Fashionably late and better so.

People who run 24-hour-a-day Internet enterprises learn to be approximate in the
matter of time; technology, after all, is a capricious mistress, smooth running one
minute, causing mayhem the next, even on holidays when one is expected out of
town at a particular time. “Technology is great when it works.” Thus my party,
Mr. and Mrs. Joseph and I left late… and arrived as my grandmother used to say
“fashionably late.”  This proved to be a good thing, since many guests having
partaken of luncheon under a tent most often used at weddings and anniversaries
went home to laze the blistering afternoon away dozing in the shade. And thus both
Josephs and I were able to spend more time with the hostess, a happy result of
tardiness.

But first I had literally to sing for my supper.

“Songs to Sing When Two or Three or More are Gathered Together.”

Open upon my desk now is a thin volume of the name above, a volume compiled
by Diane and providing numerous clues to the lady and her metier. It is her personal
song book, and it is both curious and touching. Diane, you see, is of the generation
where people entertained each other by each being responsible (particularly young ladies
of good family like Diane) for an enjoyable rendezvous, with and for only the right people,
which for this lady and her friends, meant prep schools like Winsor and Groton,
colleges like Radcliffe and Harvard, social clubs like Chilton and Somerset, and
above all the Mayflower Club always remembering that if you must inquire about it,
you were most decidedly NOKD, “not our kind, dear.”

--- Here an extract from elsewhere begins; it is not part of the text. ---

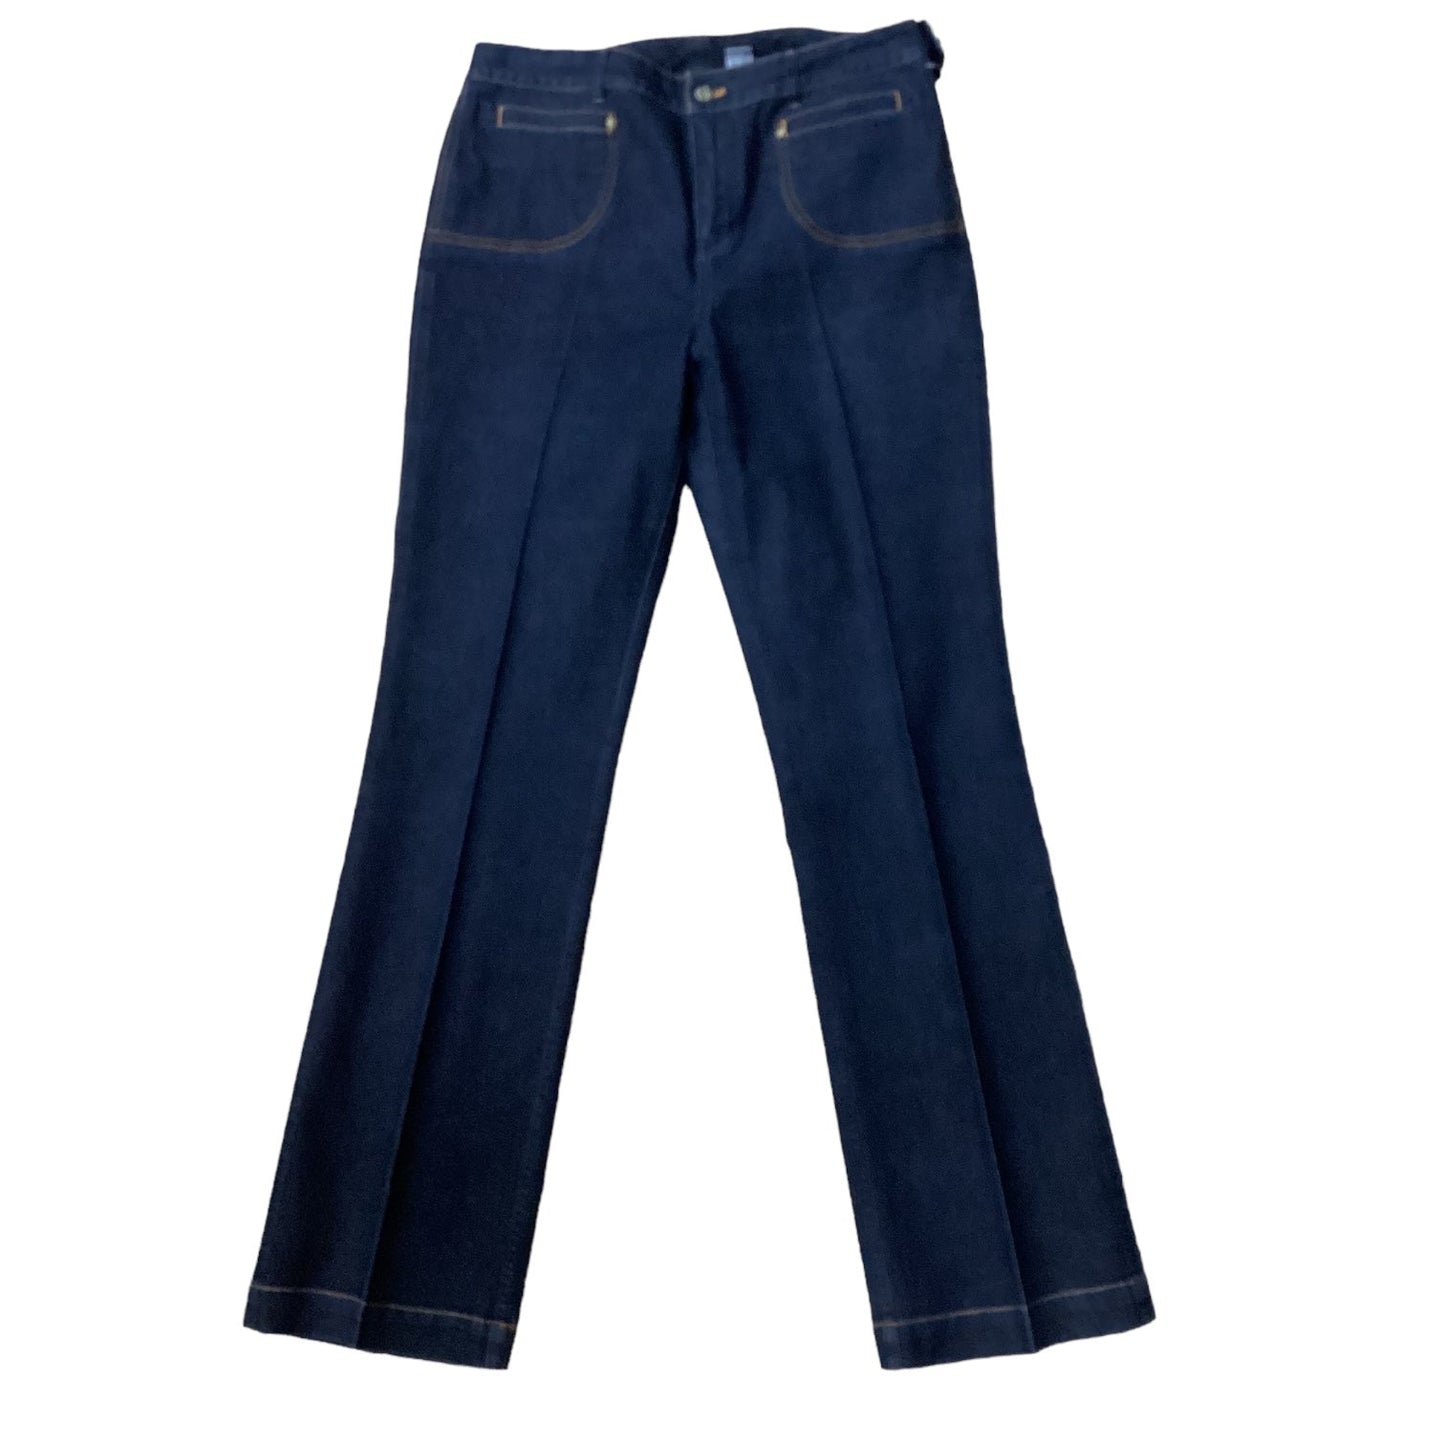 Blue Denim Jeans Boot Cut Chicos, Size 1.5

The Kennedys, not yet with a postal code in Camelot were in this category, and in the
Irish way their revenge was thorough and hurtful, not least because they soon shunted
the old families of the Commonwealth (called Brahmins) aside and to the rest of the world
portrayed themselves as Bay State aristocrats, which caused society matrons on
Commonwealtlh Avenue to fume… and plot revengeful motifs they no longer had the
money, power or unquestionable social position to dictate.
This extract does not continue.